Ordoliberalism is indeed an original stream of neoliberalism. Most German ordoliberals (like Eucken or Röpke) were members of the Mont Pélerin society. Nevertheless, ordoliberalism is a heterogeneous set of ideas. As formulated by Eucken,it is based on a concept of economic order promoted and monitored by the state, in opposition to both planned economy and laissez-faire. In this respect, ordoliberalism departs from the classical liberal approach, which emphasizes the self regulation of the market and “spontaneous order”. This evoked strong criticism. From the ordoliberal perspective, the state must take the responsibility to organize competitive markets within a policy framework (Ordnungspolitik) that applies and protects key principles. Eucken repeatedly stressed the importance of a “strong state”constrained by a political constitution beyond the reach of social conflict that creates and preserves the competitive order.Thus, the constitutional principles of ordoliberalism mandate that the state sets the institutional framework in which economic activities take place, but that it refrains from driving the economic process itself. In other words, the state sets the the rules of the game(Spielregeln) but does not determine the players’ moves (Spielzüge ). These constitutional principles, in turn, are strengthened by regulatory principles (regulierende Prinzipien) meant to ensure the sustainability of the competitive order. These principles include the regulation of monopolies and cartels, an income policy and corrective measures to mitigate negative external effects. The role of the state consists in intervening each time the economy departs from the preset model or each time deficiencies appear that compromise its functioning. Infringement on the rules of competition must be sanctioned by the state.
In his lecture at the College de France in 1978-79, Michel Foucault’s examination of the genesis and development of ordoliberalism in 20th century Germany laid bare another, less obvious feature of ordoliberalism. In his analysis of ordoliberalism in the context of his work on the change of the forms of governmentality, he demonstrated that market economy as shaped by ordoliberalism serves as an “internal regulatory principle of the state throughout its existence and in all its actions”. In opposition to classical liberalism, for the ordoliberal, competition is not natural and thus ordoliberalism can never hoist the banner of laissez-faire. Indeed, competition requires high vigilance, permanent interventions and regulation of the material, cultural, technical and legal bases of economic activity so as to create an enabling environment for the smooth functioning of the market. For ordoliberals, the functioning of markets is a matter of political engineering.

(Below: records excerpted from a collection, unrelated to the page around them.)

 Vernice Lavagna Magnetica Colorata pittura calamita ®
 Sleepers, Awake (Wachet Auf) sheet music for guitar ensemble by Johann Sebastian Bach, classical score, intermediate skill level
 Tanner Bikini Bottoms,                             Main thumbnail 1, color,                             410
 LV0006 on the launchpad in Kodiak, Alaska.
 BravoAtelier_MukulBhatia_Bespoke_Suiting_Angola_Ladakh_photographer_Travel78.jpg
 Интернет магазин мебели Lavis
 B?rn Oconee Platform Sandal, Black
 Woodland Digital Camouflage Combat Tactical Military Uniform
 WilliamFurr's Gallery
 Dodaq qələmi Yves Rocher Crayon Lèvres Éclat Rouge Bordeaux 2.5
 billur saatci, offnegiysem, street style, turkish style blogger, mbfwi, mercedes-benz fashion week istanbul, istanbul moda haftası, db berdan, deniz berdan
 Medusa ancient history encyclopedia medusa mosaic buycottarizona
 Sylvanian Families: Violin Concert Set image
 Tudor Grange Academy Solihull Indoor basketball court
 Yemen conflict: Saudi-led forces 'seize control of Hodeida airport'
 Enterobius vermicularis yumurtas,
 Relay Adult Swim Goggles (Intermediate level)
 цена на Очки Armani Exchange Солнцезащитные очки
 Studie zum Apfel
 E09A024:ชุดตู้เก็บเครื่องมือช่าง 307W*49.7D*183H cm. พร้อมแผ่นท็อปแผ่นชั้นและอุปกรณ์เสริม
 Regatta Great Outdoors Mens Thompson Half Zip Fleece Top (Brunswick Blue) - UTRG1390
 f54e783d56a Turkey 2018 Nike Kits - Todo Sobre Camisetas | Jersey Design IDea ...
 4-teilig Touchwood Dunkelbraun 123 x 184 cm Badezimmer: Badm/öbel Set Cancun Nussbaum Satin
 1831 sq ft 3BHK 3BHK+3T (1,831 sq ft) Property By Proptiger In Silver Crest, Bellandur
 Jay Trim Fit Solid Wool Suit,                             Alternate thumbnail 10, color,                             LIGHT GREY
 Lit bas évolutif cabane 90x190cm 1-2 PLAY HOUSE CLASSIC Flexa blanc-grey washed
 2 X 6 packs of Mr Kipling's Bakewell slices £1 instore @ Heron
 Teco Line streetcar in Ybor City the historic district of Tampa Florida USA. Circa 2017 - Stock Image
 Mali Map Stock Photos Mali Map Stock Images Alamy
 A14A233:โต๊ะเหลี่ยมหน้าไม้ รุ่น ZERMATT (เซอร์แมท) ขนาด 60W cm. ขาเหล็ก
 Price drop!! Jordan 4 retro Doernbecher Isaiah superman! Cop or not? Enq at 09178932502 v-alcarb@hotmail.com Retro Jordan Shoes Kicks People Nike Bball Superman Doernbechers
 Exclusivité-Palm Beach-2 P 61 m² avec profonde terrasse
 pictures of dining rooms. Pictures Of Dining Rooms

Beyond the recognition of the state’s role, one other relevant peculiarity of German ordoliberalism’s contribution to neoliberalism was an attempt to resolve what the German ordoliberals themselves conceived as the “social question” (soziale Frage). The socially embedded character of the market economy and the “interdependence between (economic, cultural, societal) orders” (Eucken) explain the attention they paid to the social question. Yet, there is no unified ordoliberal school of thought regarding social policy or more broadly regarding the ‘social market economy’. Eucken’s position is not perfectly articulated. An early death prevented him from finishing his ”Grundsätze der Wirtschaftspolitik”, in which he also discussed social policy. What is clear, however, is that Eucken does not start with a unified concept of justice. Rather, he conceived social policy within the framework of order. Market processes that adhere to ordoliberal principles are fair, and this explains why the competitive order is so important: Not only because of its efficiency, but also because it offers the optimal solution to the 2soziale Frage“. For Eucken allocation and redistribution are always linked and the competitive order ensures that the formation of income is subject to the right rules of the game. This is the key issue: The ordoliberal state has to intervene not for discernible social ends, but for undistorted competitive relations! Not the redistribution of wealth but the free market is social because it allows the increase of productivity and the trickle-down effect. As Ludwig Erhard summarized, “[t]he concepts ‘free’ and ‘social’ are congruent ...; the freer an economy is the more social it is and the greater will be the macroeconomic utility created”. This statement clearly showcases the approach adopted in the “social program” of the Treaty of Rome, but there is more to it. One of the main features of our book is to show how this approach has had a decisive – albeit not exclusive – influence on the entire European integration and thus on social Europe.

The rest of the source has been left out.